*What the exercise asks:* Take the line that contains "Tessa Pink Cotton" and each line after it to the end of the material below, and return them exactly, minus the pictures.

*Given data:*

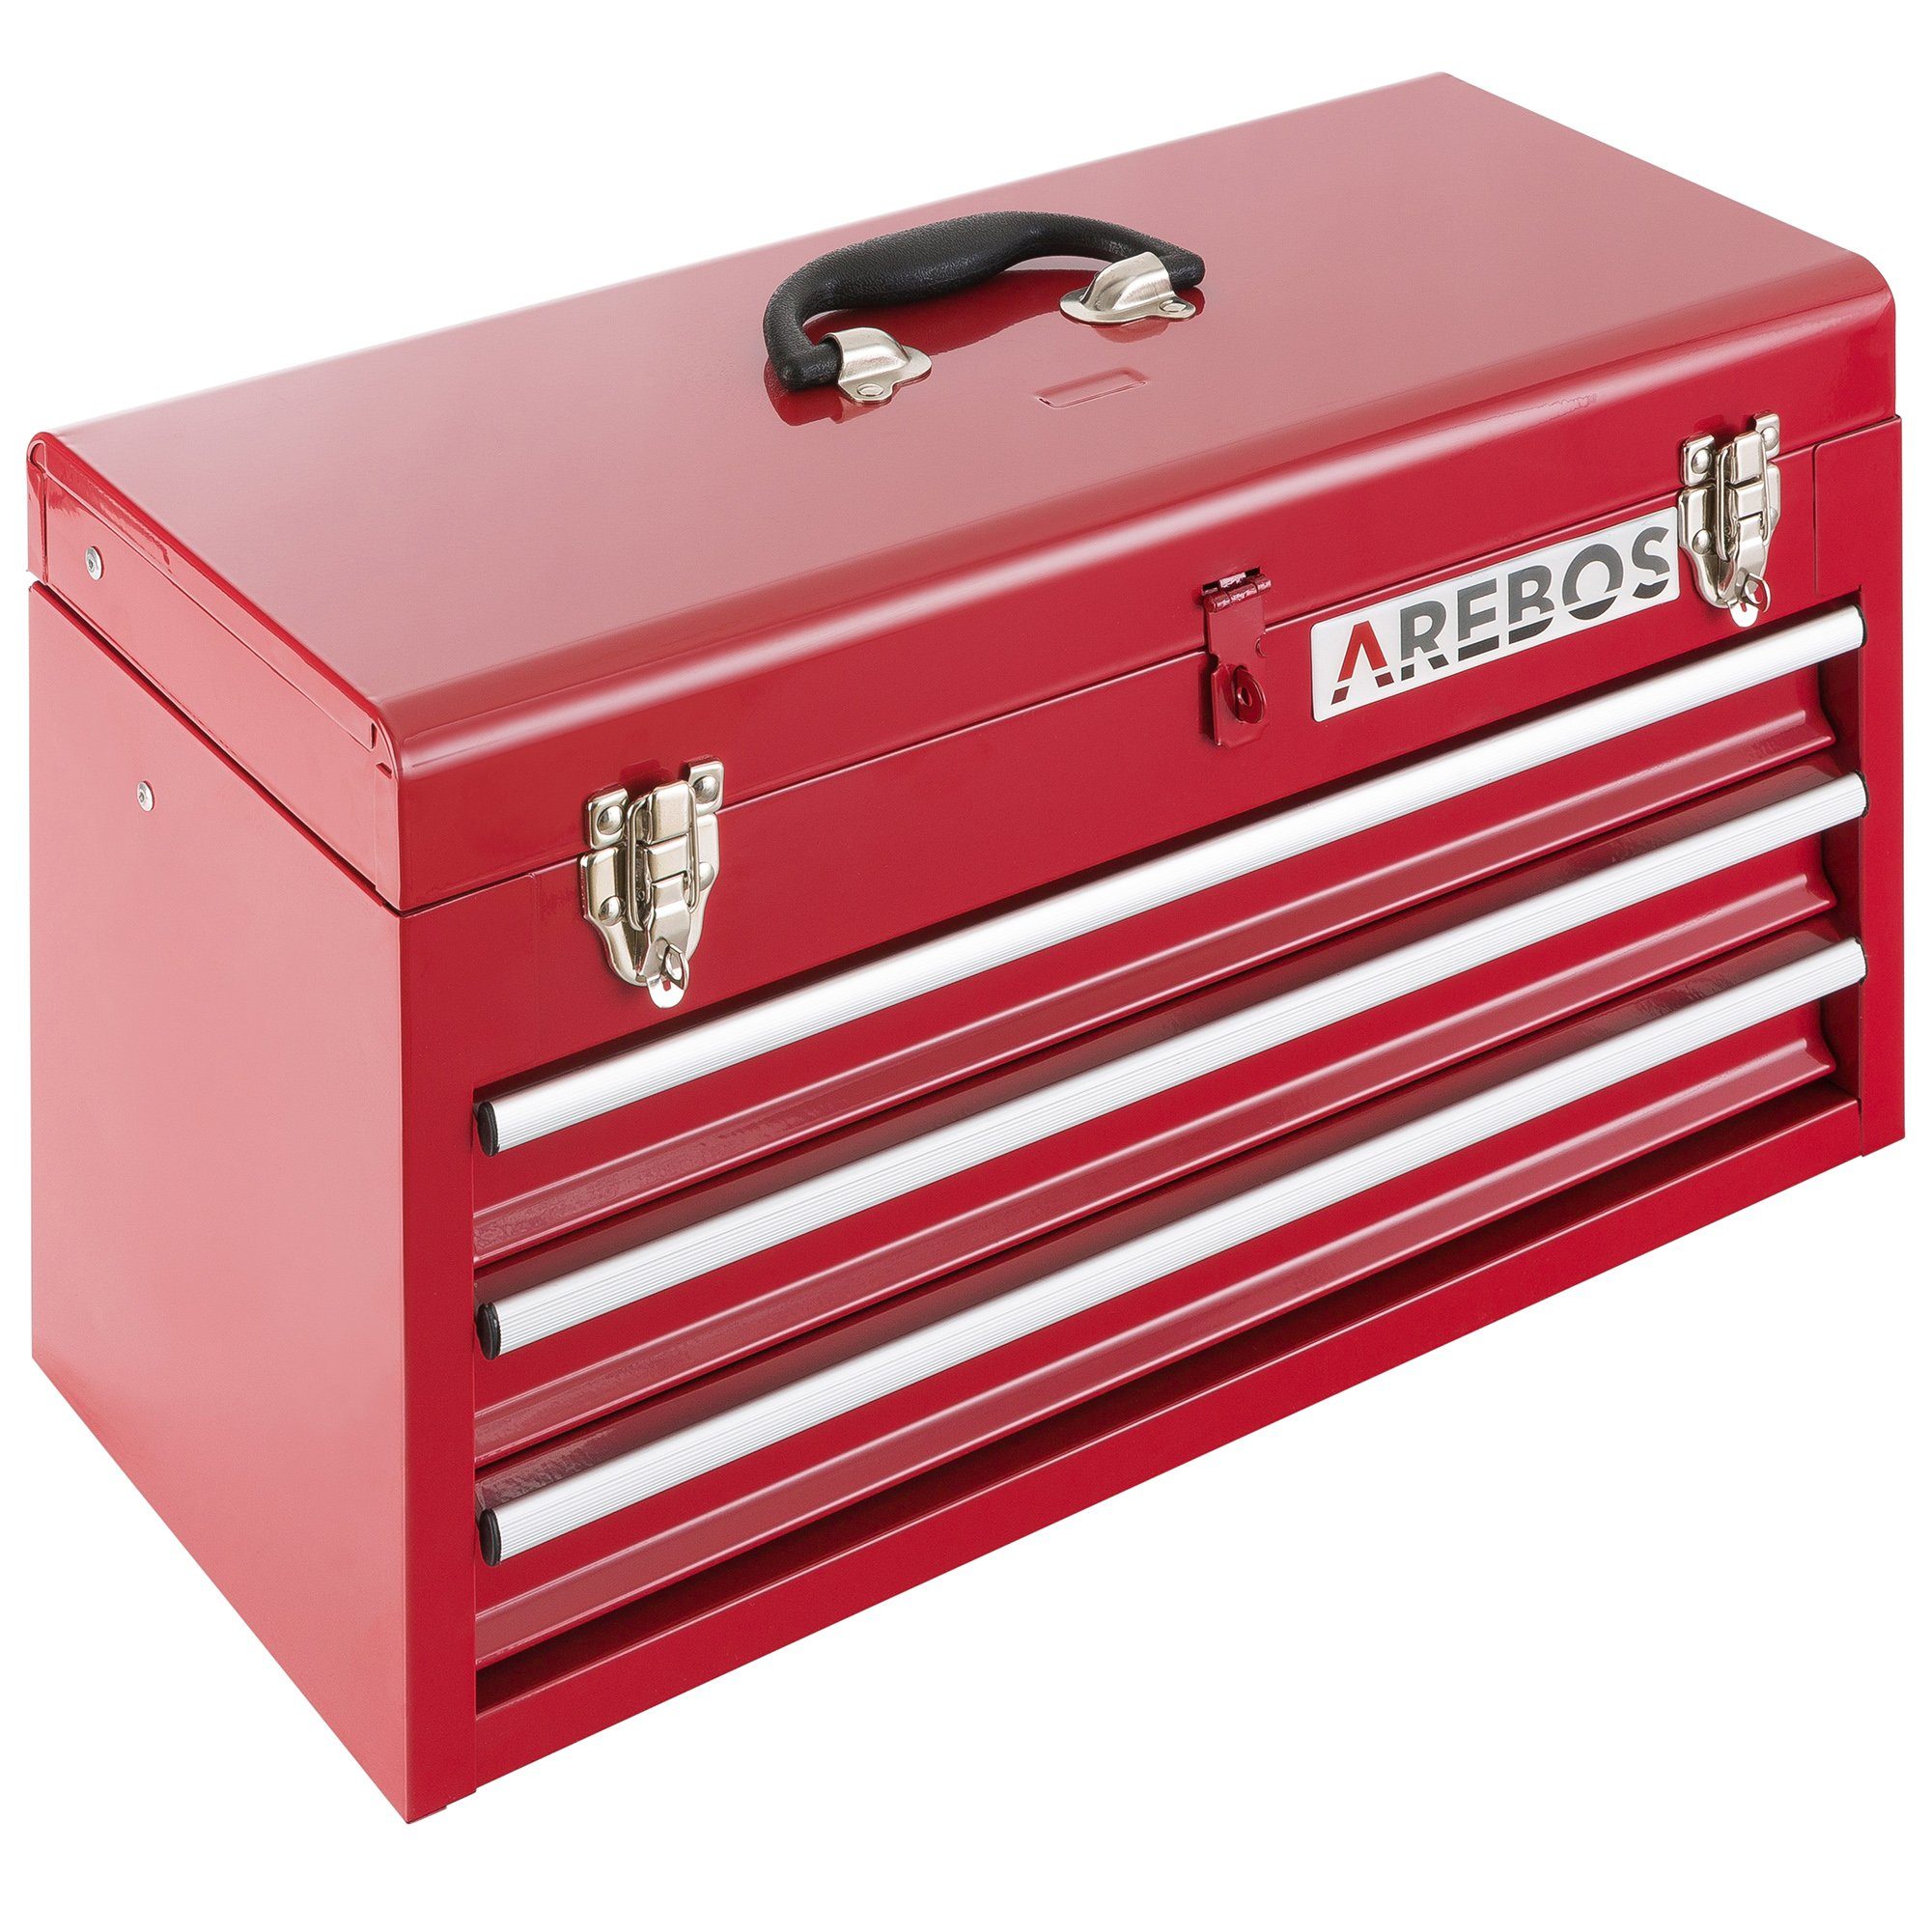 & rot Ablagefächern Arebos 3 Werkzeugkoffer 2 mit Schubladen
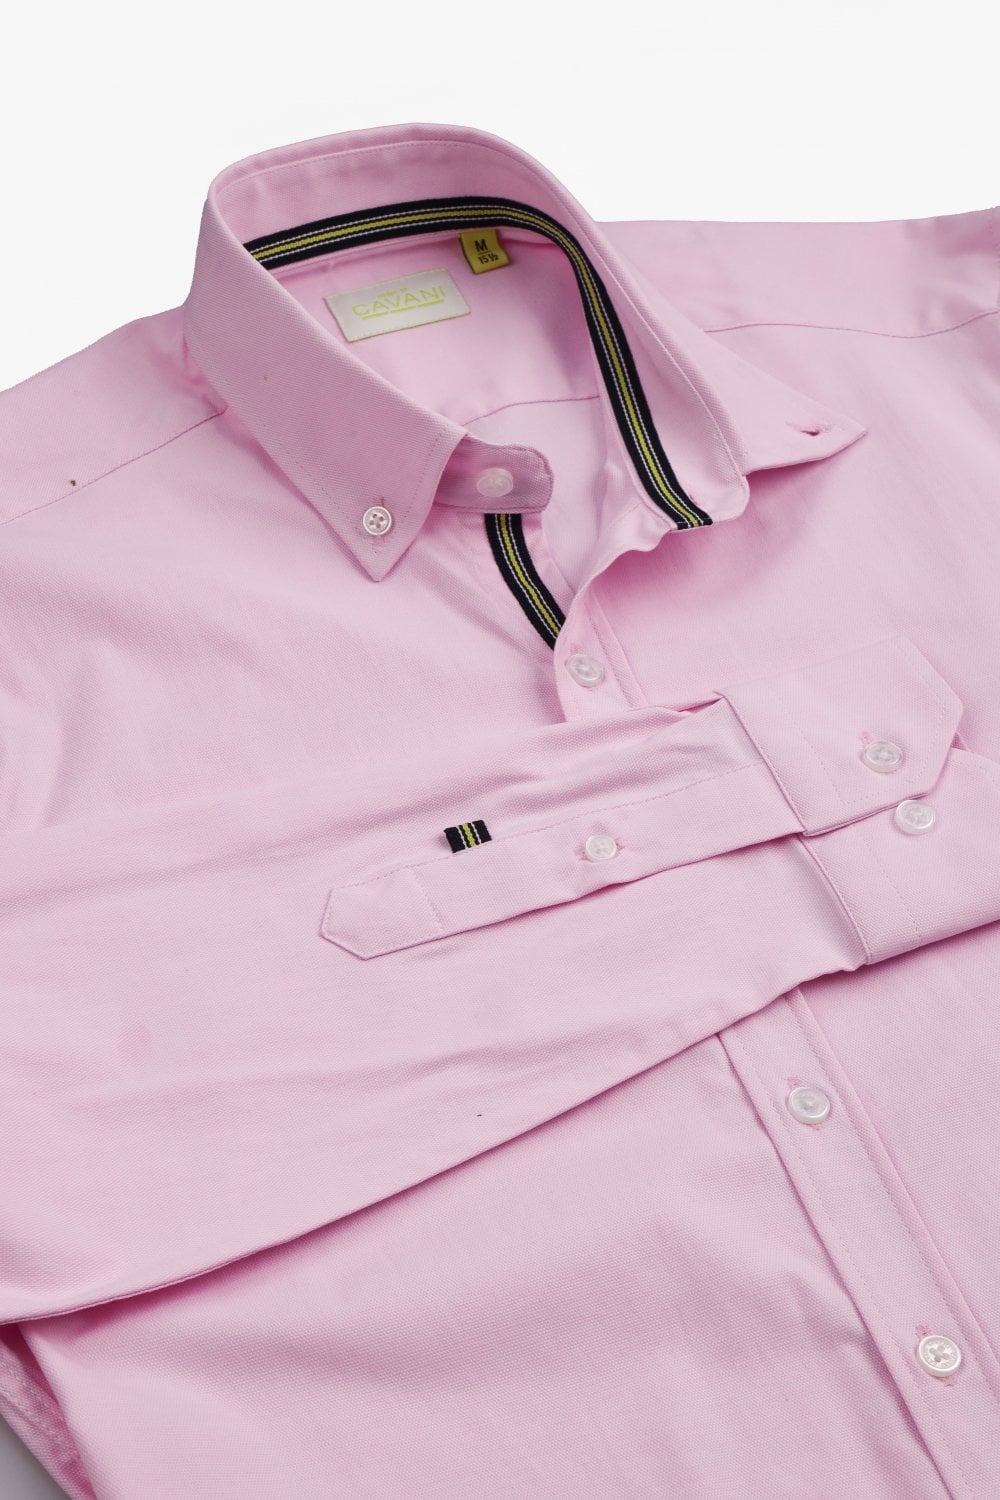 Tessa Pink Cotton Shirt - Shirts - - THREADPEPPER
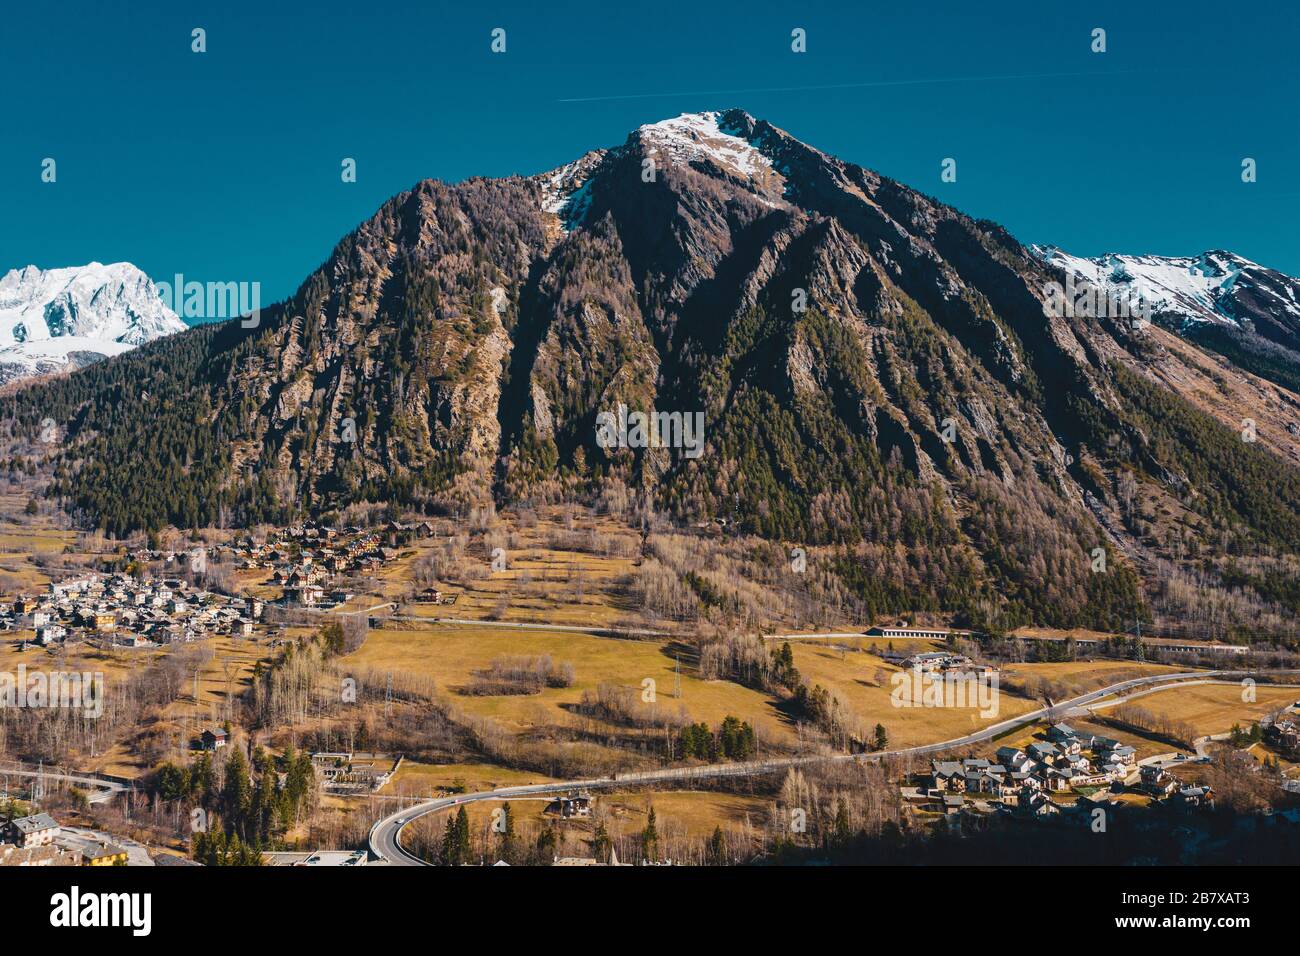 Il villaggio Palleusieux sotto una grande montagna, nel bacino Pre-Saint-Didier, Valle d'Aosta al tempo dell'epidemia del virus corona, nel nord Italia Foto Stock
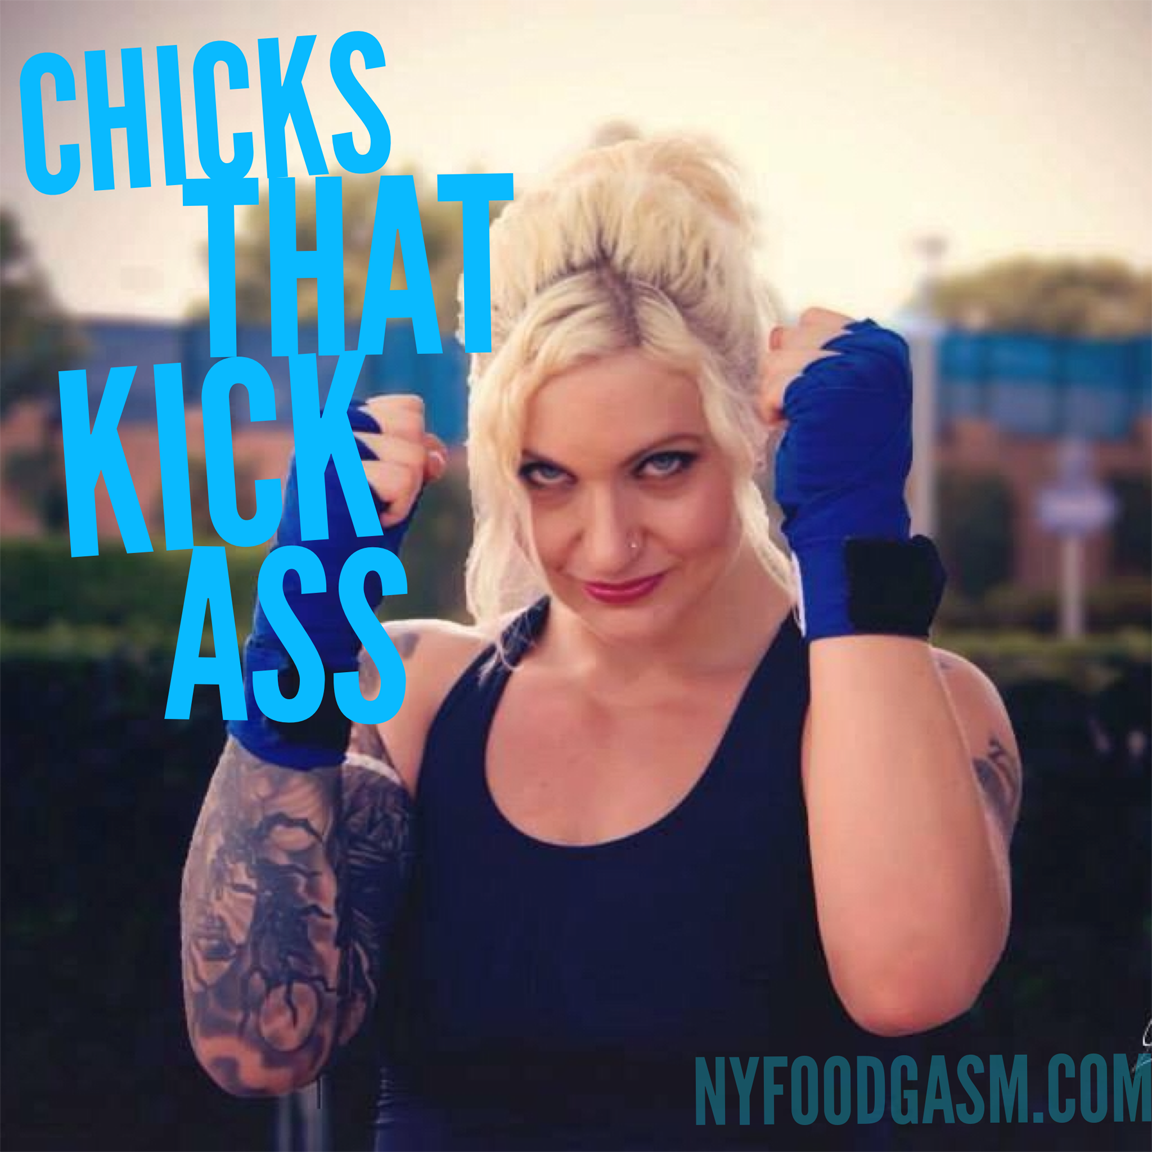 Chicks That Kick Ass- Diana Koutinas

*Exercise solution:*
 Tessa Pink Cotton Shirt - Shirts - - THREADPEPPER
 Il villaggio Palleusieux sotto una grande montagna, nel bacino Pre-Saint-Didier, Valle d'Aosta al tempo dell'epidemia del virus corona, nel nord Italia Foto Stock
 Chicks That Kick Ass- Diana Koutinas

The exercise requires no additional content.